I’m Handy!
This is another one of those “hopefully someone having the same problem comes across it and finds it useful” posts.
So my video card has taken to acting wonky, of late. Whenever I’d play a game (COD4 mainly) after a few minutes it would freeze up. My guess was that it was heat related, probably a bad fan on my SAPPHIRE Radeon X700PRO 256MB 128-bit GDDR3 PCI Express x16 Video Card. This was a great “bang for the buck” card when I bought it in August of 2005 and still fulfills my gaming needs just fine today, so I’d really rather not replace it, though I feared that would be necessary. Opening the case I find the fan barely turning at all and I know that I have my culprit.
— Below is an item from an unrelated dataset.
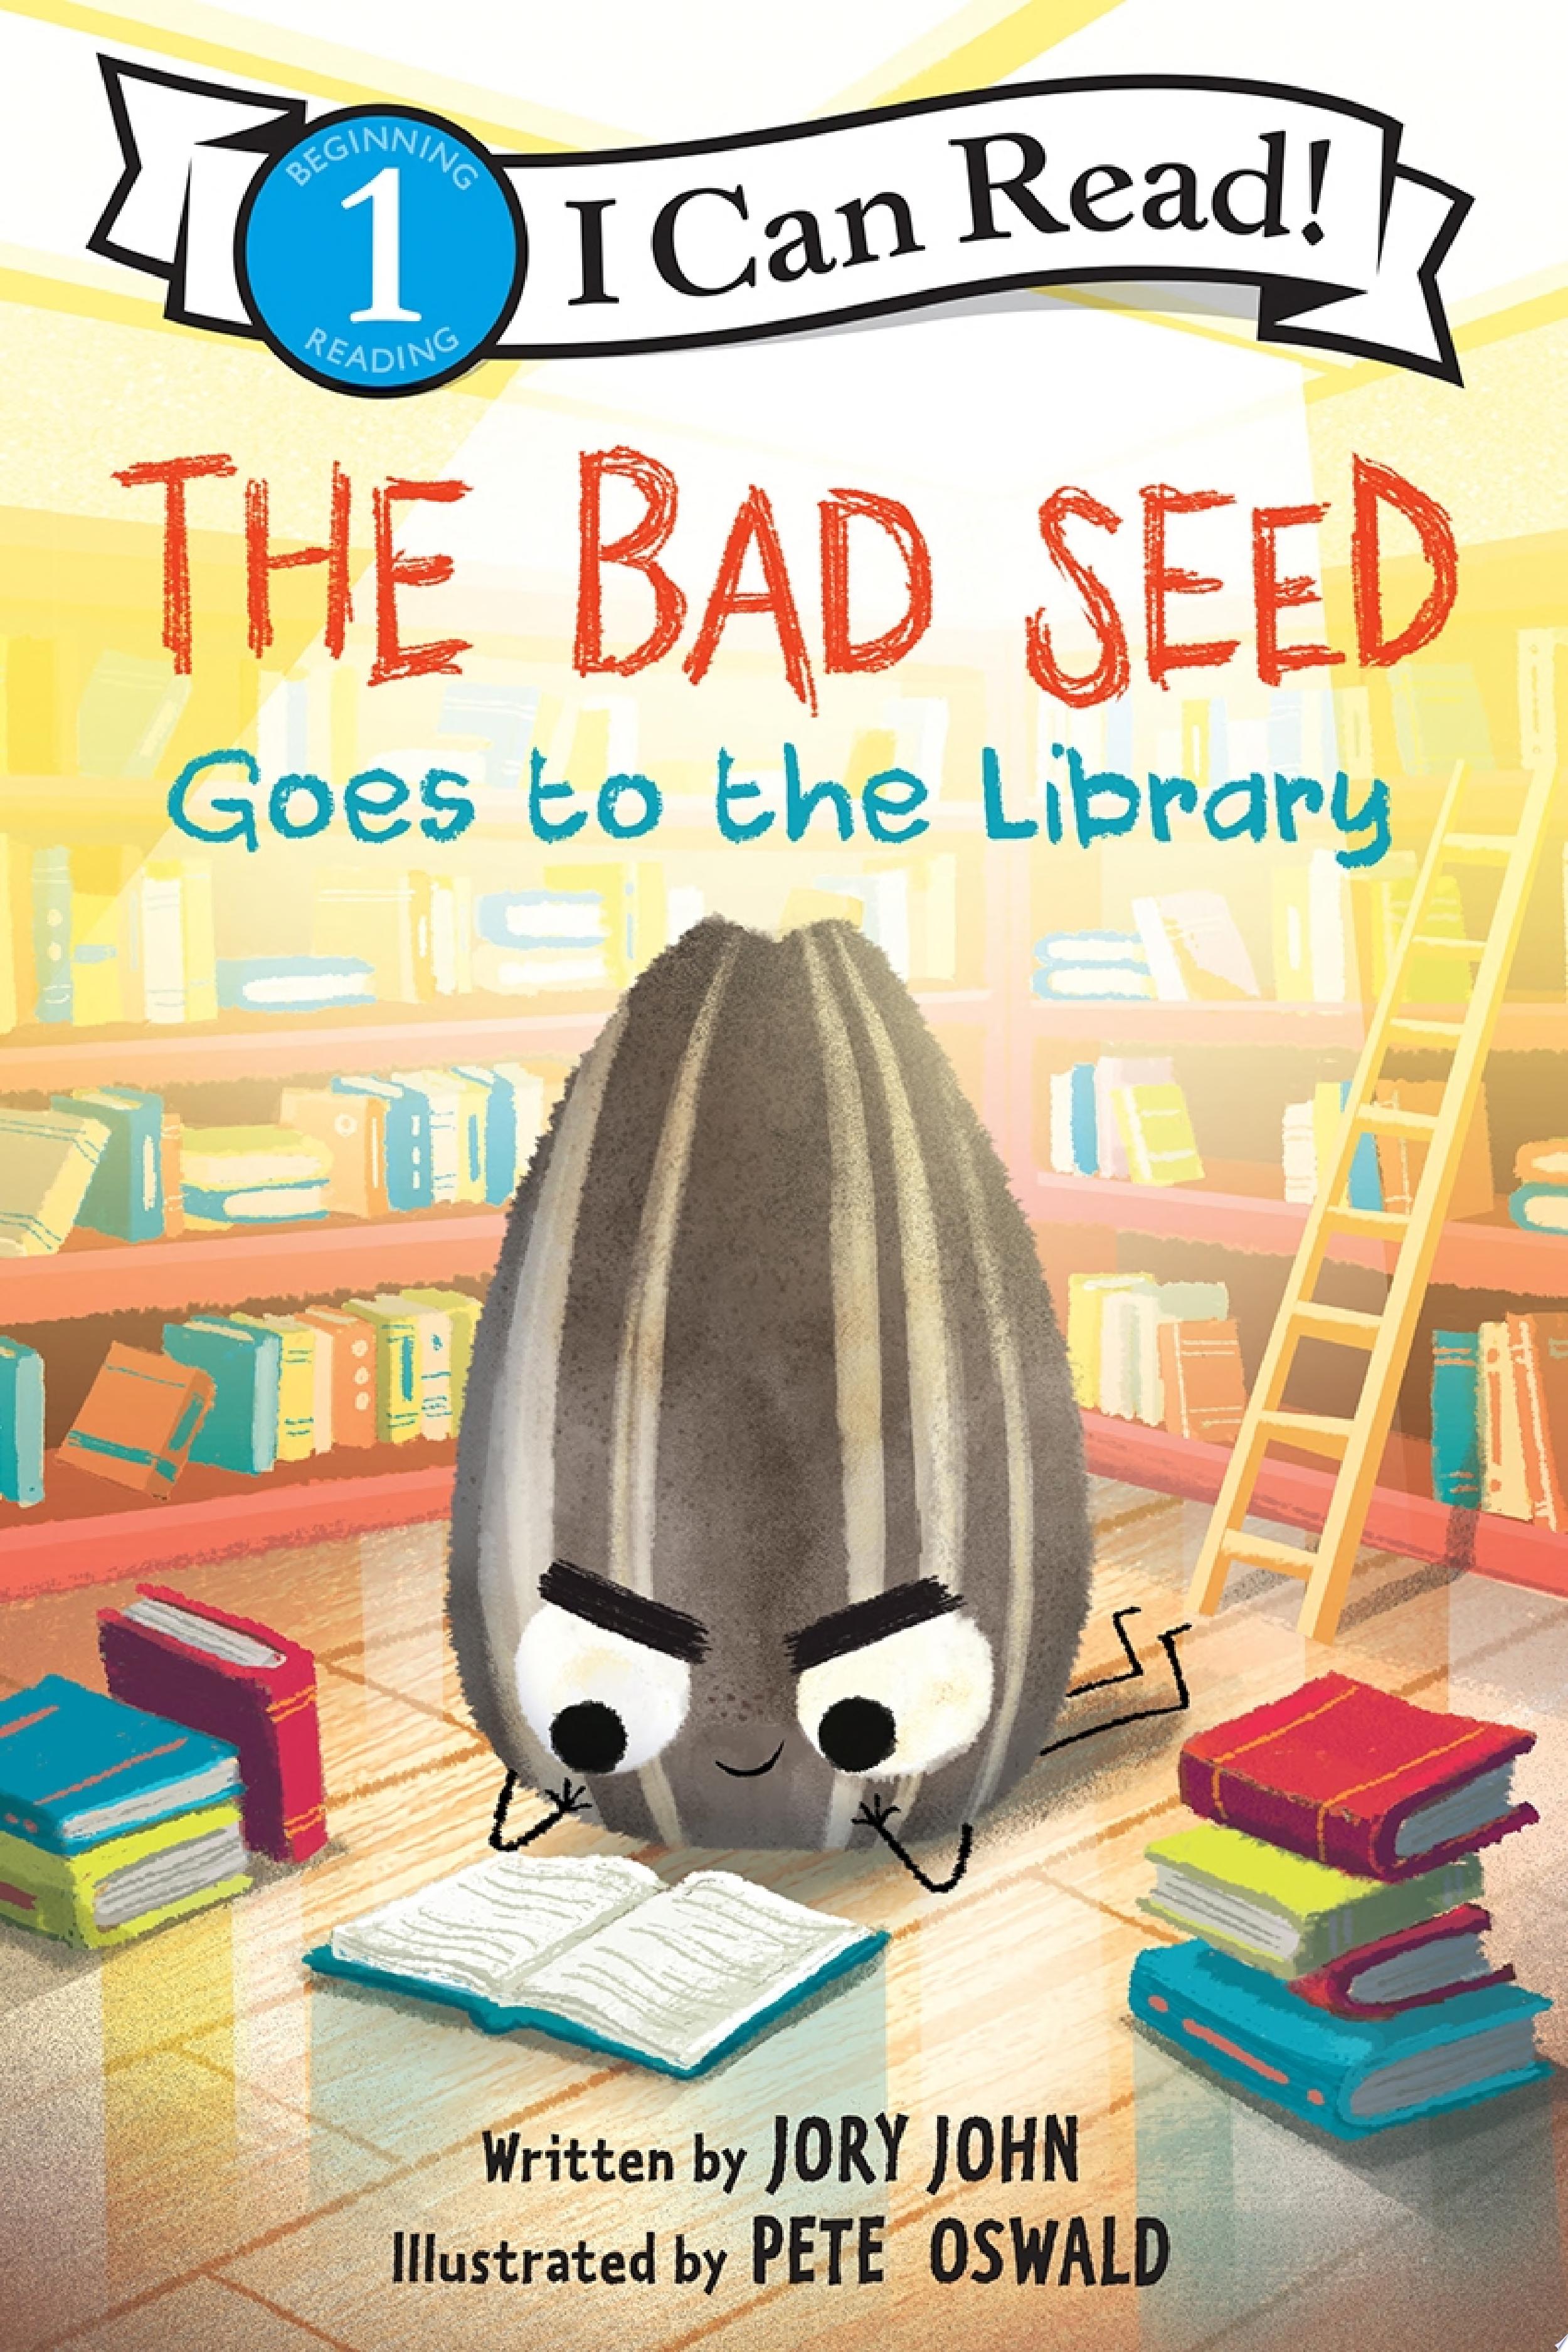 Image for "The Bad Seed Goes to the Library"
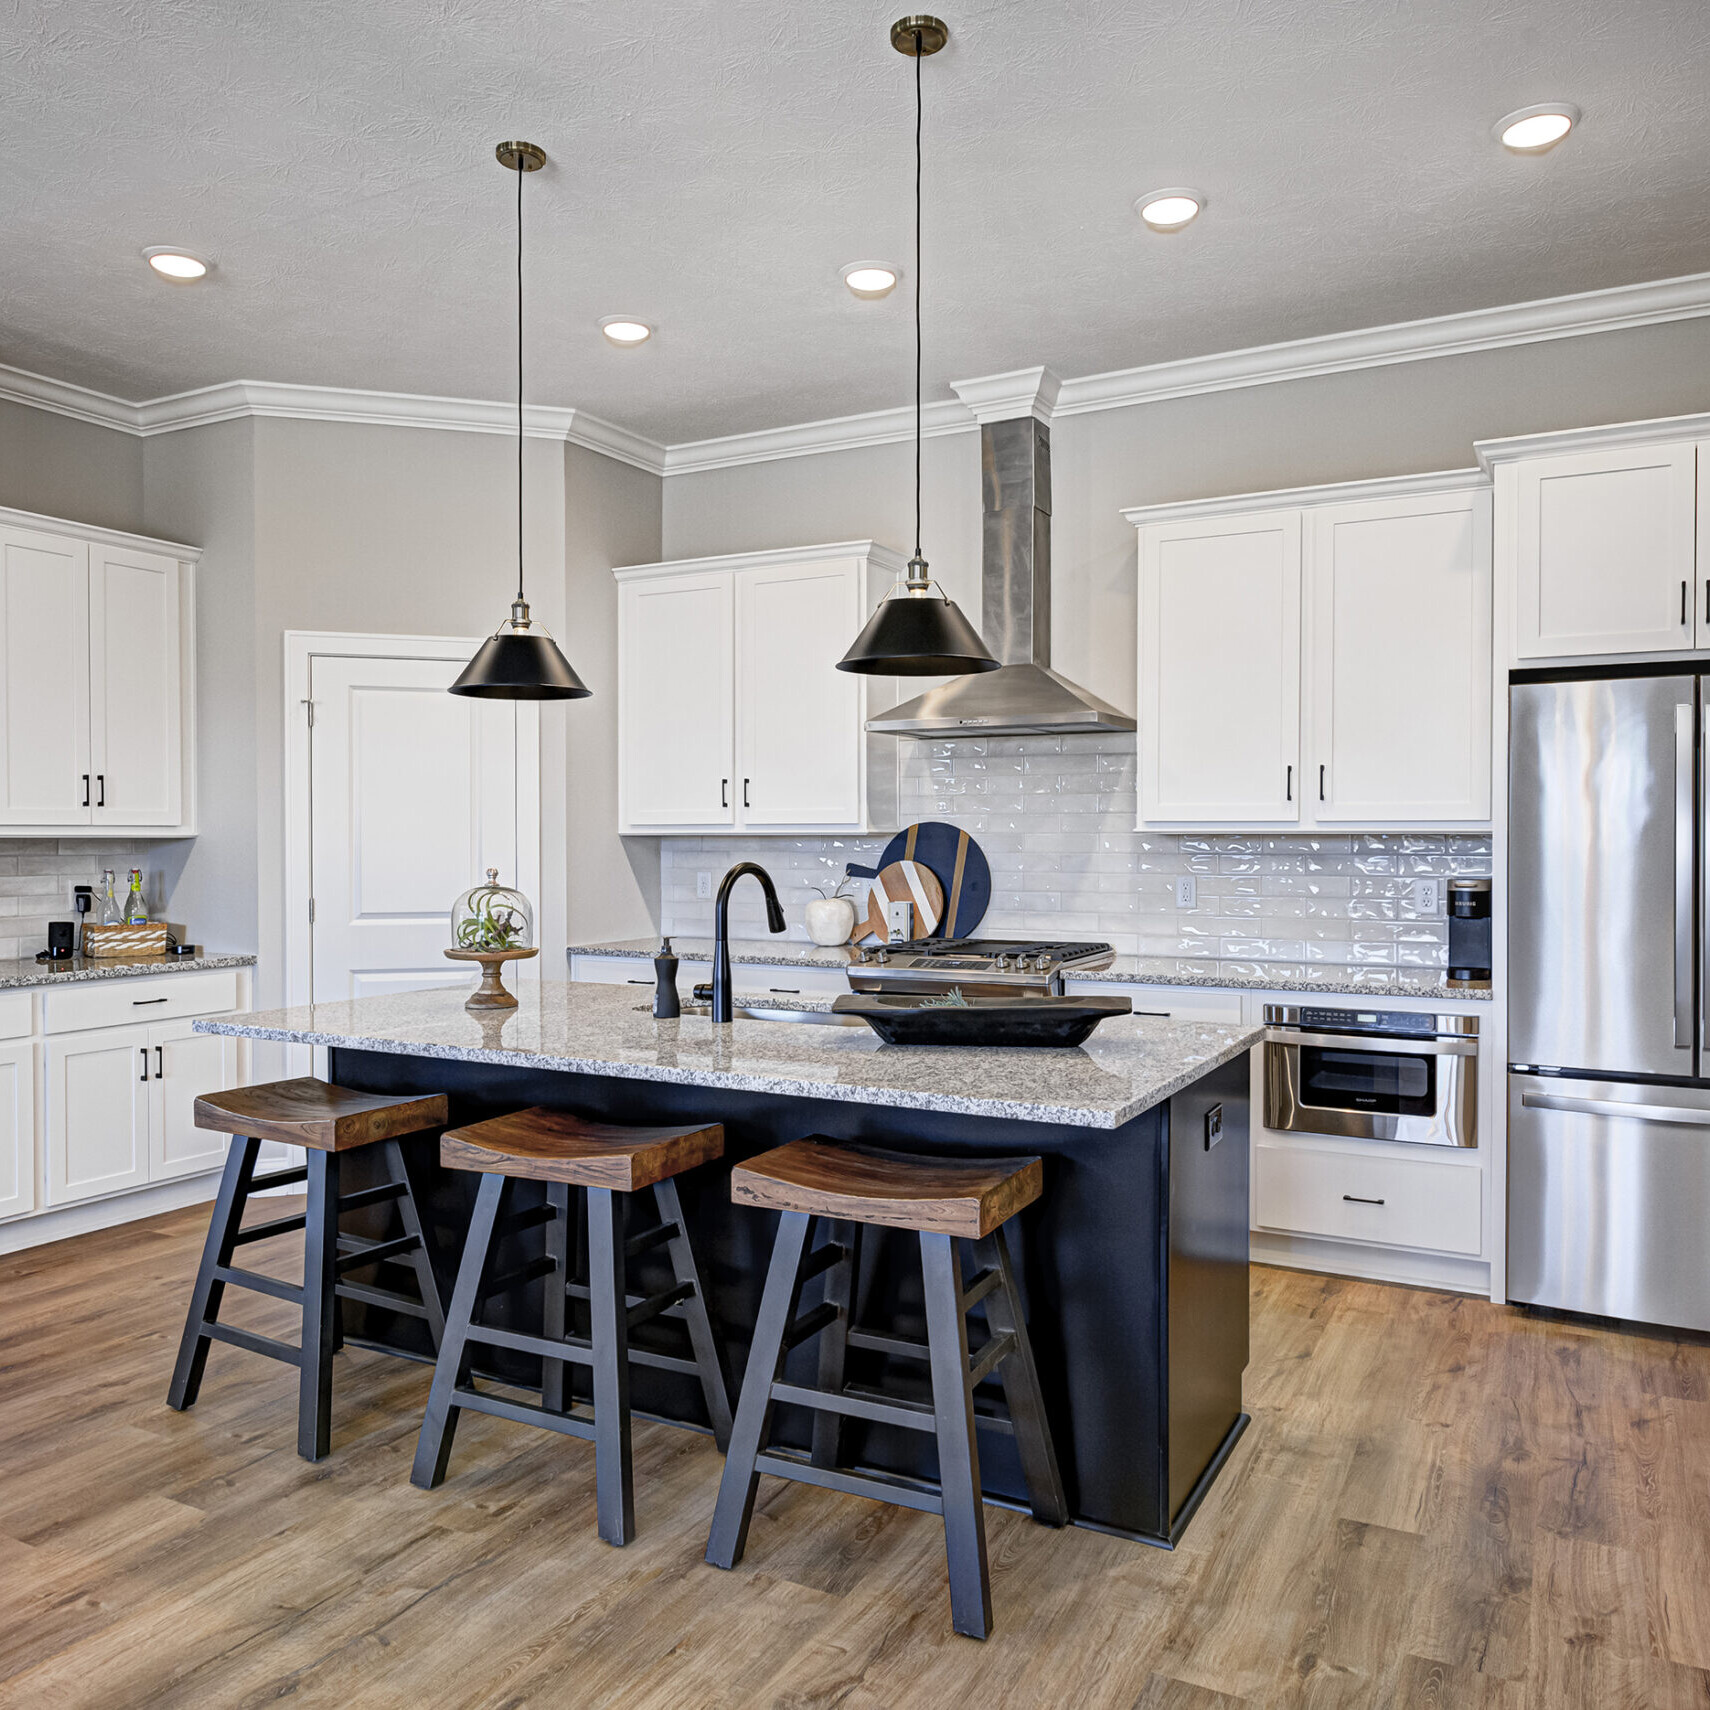 A kitchen with white cabinets and stainless steel appliances, the perfect addition to custom homes in Carmel Indiana.

The stock fan is a proprietary piece that I’m extremely unlikely to find a replacement for (and trust me, I looked), so I’m thinking I’m going to have to buy an third party cooling solution to replace the whole factory heatsink/fan assembly, which seems ridiculous, given the depreciated value of the card today. Before I start throwing money at this thing, I decide to see if it’s fixable. I pull the card out and find that the fan is secured to the heatsink by three very small Phillips-head screws. I get the screws out, remove the fan (which is very stiff and “draggy” and remove the sticker from the bottom covering its insides. Searching for suitable lube I decide upon Boeshield T-9. Developed by Boeing for Aerospace use, sold for cycling use, seems like just the ticket. A few drips later, the fan is spinning quite freely, so I put it all back together, reinstall it and BINGO! The temp never rises near the danger range the fan spins freely and all is (for now) well. And I can get back to the important business of “shooting melon fevers” in COD4.

The moral of this story: don’t give up on “bad” cooling fans. They can almost always be replaced, resurrected (cleaned and lubed) or “upgraded” to third party cooling solutions.